Data segment »
════════════════════

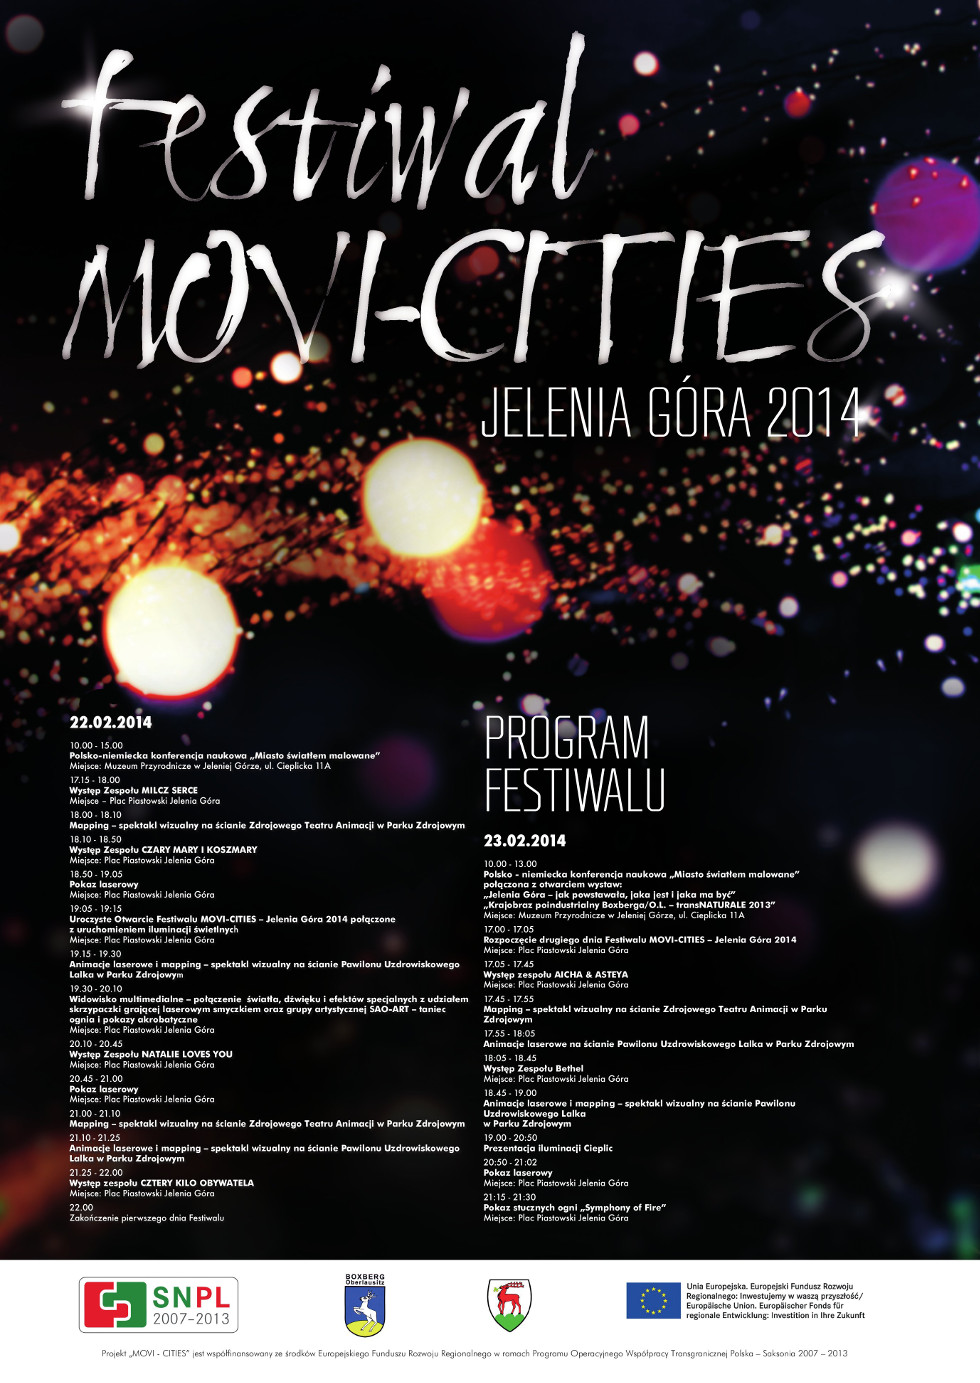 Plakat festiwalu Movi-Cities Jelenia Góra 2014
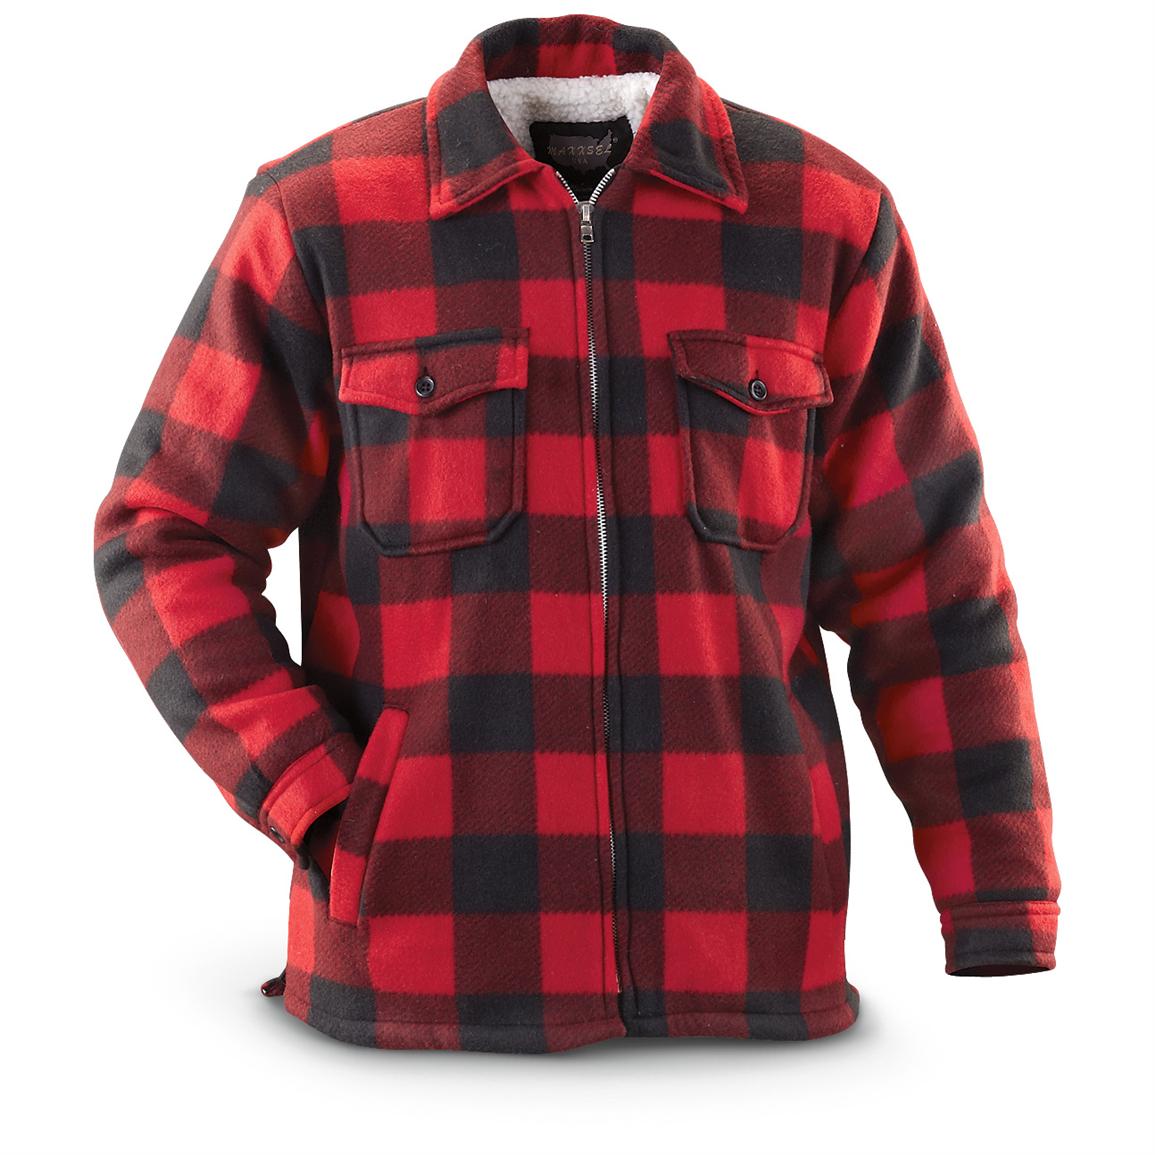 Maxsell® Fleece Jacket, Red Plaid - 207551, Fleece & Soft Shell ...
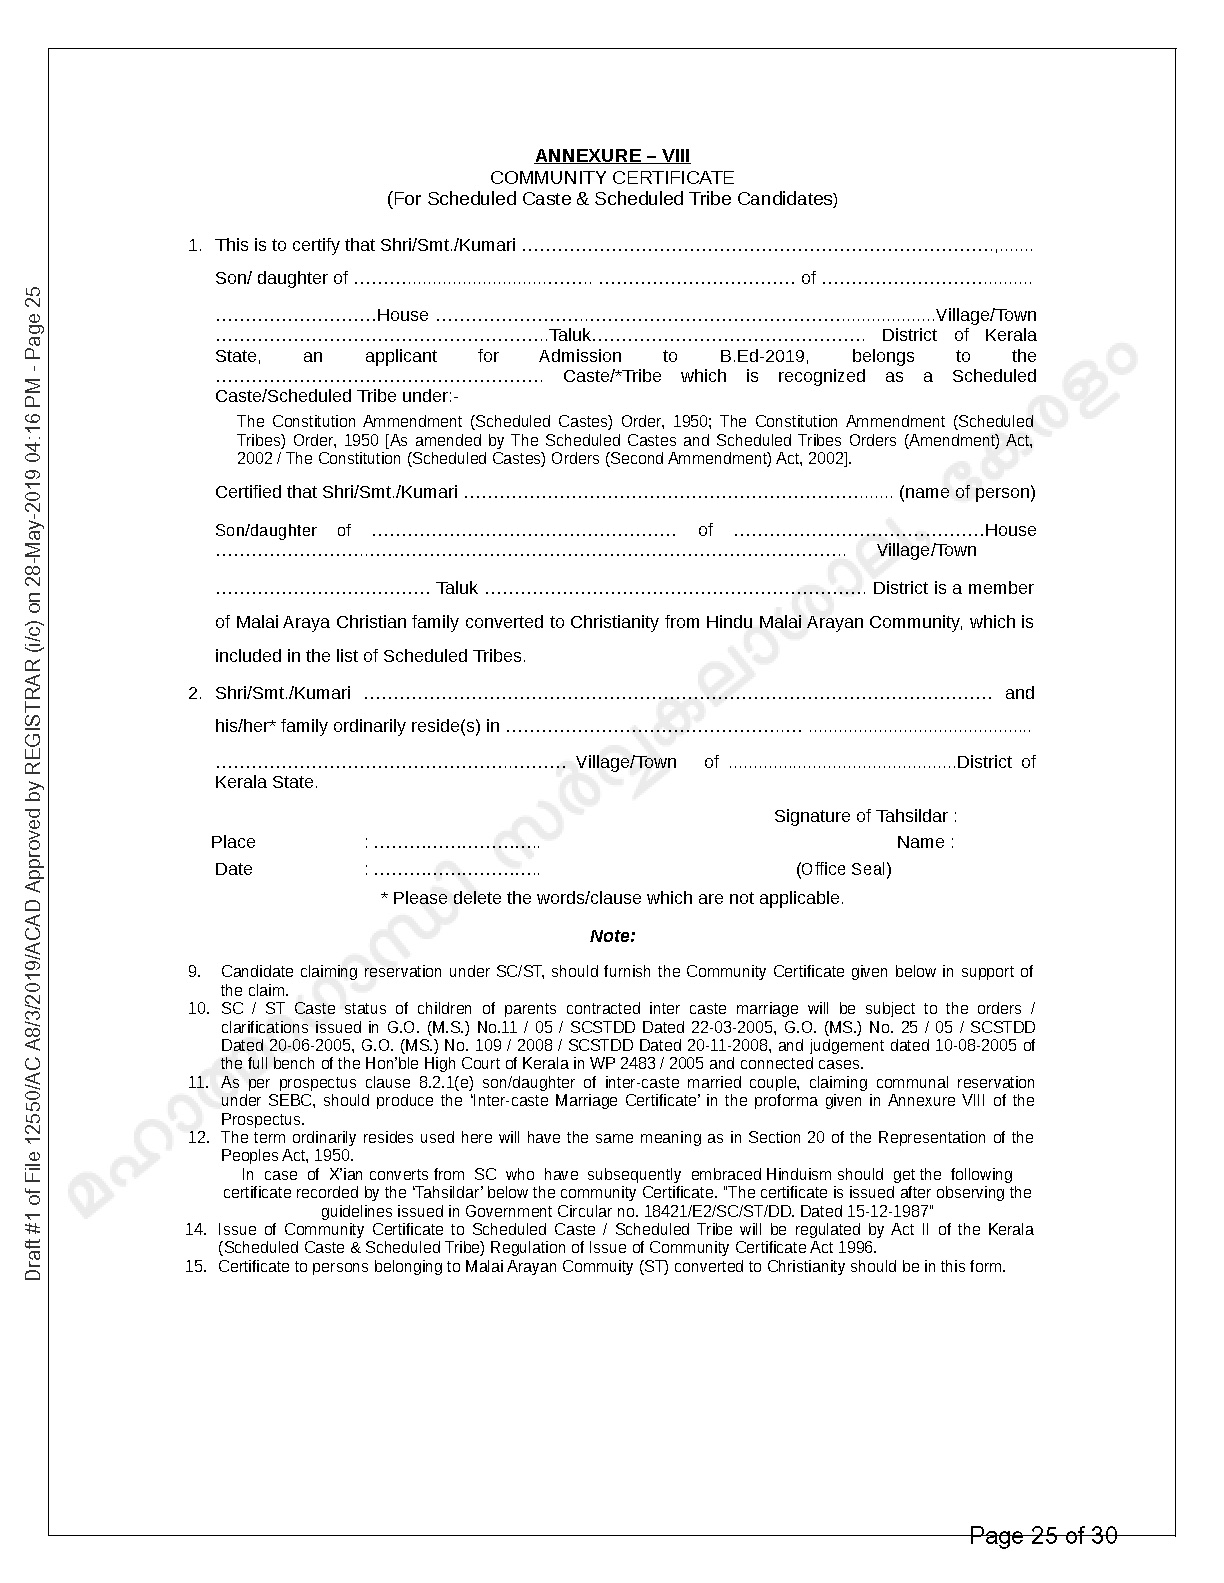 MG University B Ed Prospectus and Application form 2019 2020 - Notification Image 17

════════════════════

Task objective »
Without the pictures, repeat every line of the material above exactly.

Exercise response »
 Plakat festiwalu Movi-Cities Jelenia Góra 2014
 Maxsell® Fleece Jacket, Red Plaid - 207551, Fleece & Soft Shell ...
 MG University B Ed Prospectus and Application form 2019 2020 - Notification Image 17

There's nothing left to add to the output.